Well, what threw me off, was your claim that you could only make the
partition 17.76GB on the first attempt.

What may have happened, is the Mac disk was GPT, and the MBR value
was intended to be "protective". And somehow, the "Protective" value
left room for a 17.76GB partition. It wasn't supposed to leave room
for anything.

Then, after creating that partition, WinXP no longer recognized the fact
it was a GPT disk (MBR lost the 0xEE partition type value, something
you could have seen with PTEDIT32). And maybe then, having overwritten
the MBR with something "WinXP friendly", Philo's idea of just deleting it
and making it again, worked.

If you prepare a disk on the Mac again some time, have a look with PTEDIT32
to satisfy your curiosity, in terms of whether the MBR had a 0xEE partition
type, and whether it leaves room to sneak in a small partition. The
Wikipedia article claims the protection partition declaration is
supposed to cover the entire disk. (I.e. The MBR declaration is a
"fake", intended to scare off GPT-unfriendly OSes.) The fact that you
could make a change to it in WinXP, suggests whatever was written in the
MBR, just wasn't good enough.

This stuff isn't that complicated. Usually, all it takes is some tools
to allow viewing the disk contents, and some good web articles.
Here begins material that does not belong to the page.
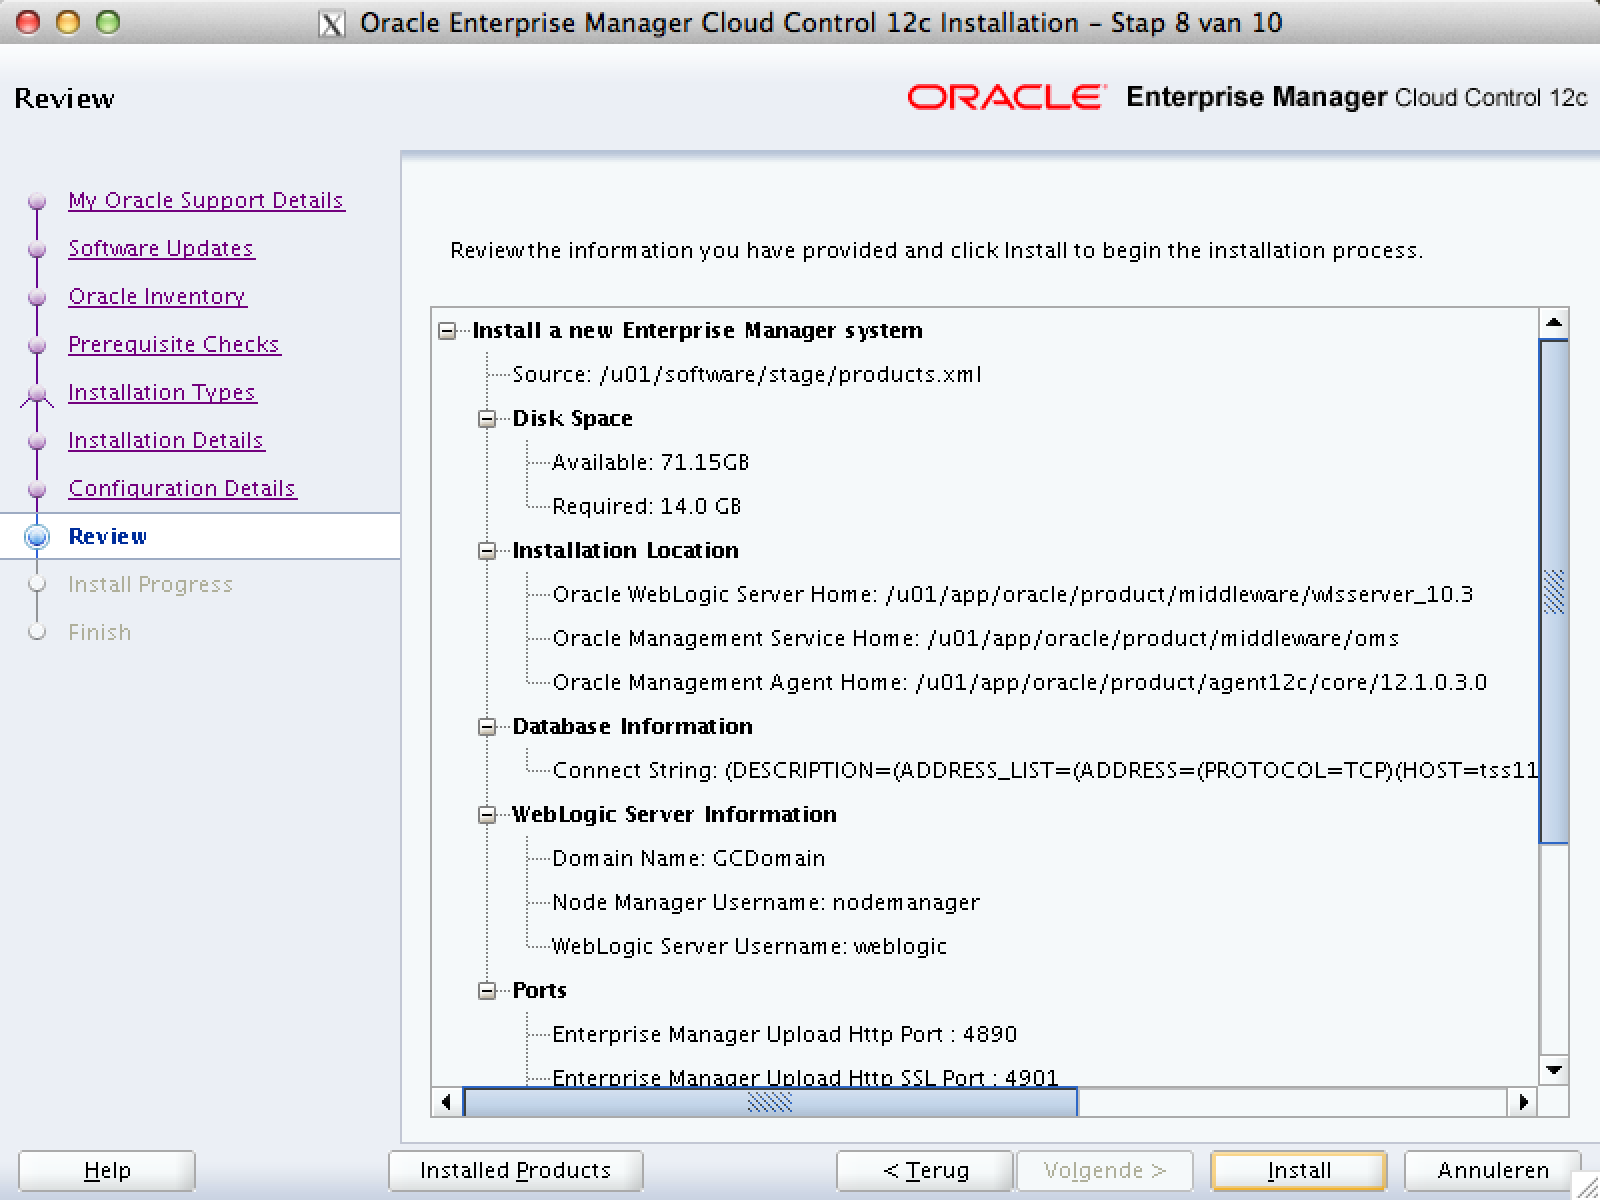 Installation Enterprise Manager Cloud Control 12c Release 3 12.1.0.3

The easiest way to pass a disk between WinXP and OSX, is probably to
prep the disk on WinXP and use a regular MBR setup. As far as I know,
OSX can mount FAT32 and NTFS, just like a Linux can, and will play nicely
if you move the WinXP prepared disk back and forth. It would appear
moving the Mac prepared disk, over to WinXP, didn't work out quite as
well. Since I stopped buying new versions of the OS for my old
Mac, there hasn't been much need to follow the file system developments.
In the past, I've just used FAT32 for this (moving files Mac -- PC).